- 3 Oz Sliced Almonds
- 2 Chicken Breast
- ¼ – ¾ Tsp Curry Powder
- 1 ½ Cups Seedless Red Grapes Halved
- 1 ½ Cups Honey Dew Melon, Cubed
- 1 ½ Cups Cantaloupe Melon, Cubed 6 Cups Baby Spinach Leaves, Rinsed and Dried
- ½ Cup Reduced Fat Mayonnaise
- ½ Cup Plain Greek Yogurt
- 1 Tbsp. Fresh Lemon Juice
- 1 Tbsp. Fresh Orange Juice
- 2 Tablespoons Honey
- ½ teaspoon ground curry powder
- ½ Teaspoon Lite Soy Sauce
- ¼ Teaspoon Pepper
Yield 1 ¼ Cups
Directions:
Preheat oven to 350 degrees F. Spread almonds in ungreased shallow baking pan. Bake uncovered 5-7 minutes until lightly browned. Remove from oven and cool.
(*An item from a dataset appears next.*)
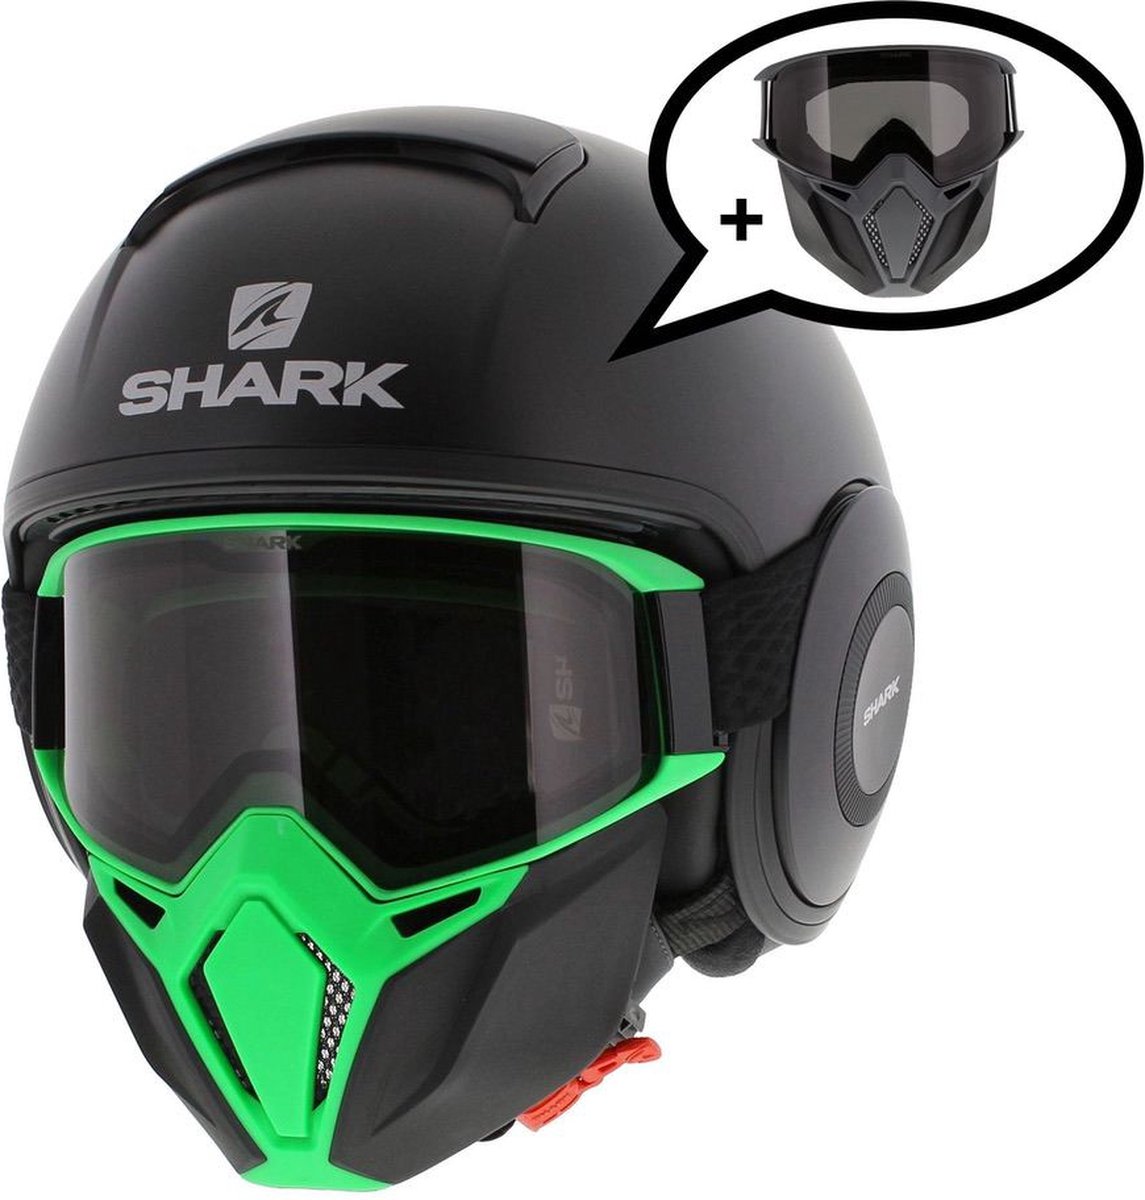 Shark Street Drak helm mat zwart groen L - Special Edition met gratis extra zwart antraciet mondstuk

Place chicken breast in a medium saucepan; cover with water, bring to a boil. Cook until tender. Drain and shred chicken in a large bowl.
Add curry powder to taste, ¼ t-3/4 tsp. Stir in grapes and melon cubes. Mix dressing ingredients in a small bowl and whisk until smooth. Add dressing to taste, not over ¾ cup, to chicken mixture. Store extra dressing in refrigerator. Serve 1 cup salad over 1 cup spinach leaves. Sprinkle with toasted almonds.
Serving size: 2 cups
Yield 6
Nutritional Analysis: 270 calories, 12 g fat, 1.5 g saturated fat, 25 mg cholesterol, 270 mg sodium, 28g carbohydrate, 4 g fiber, 22 g sugars, 15 g protein.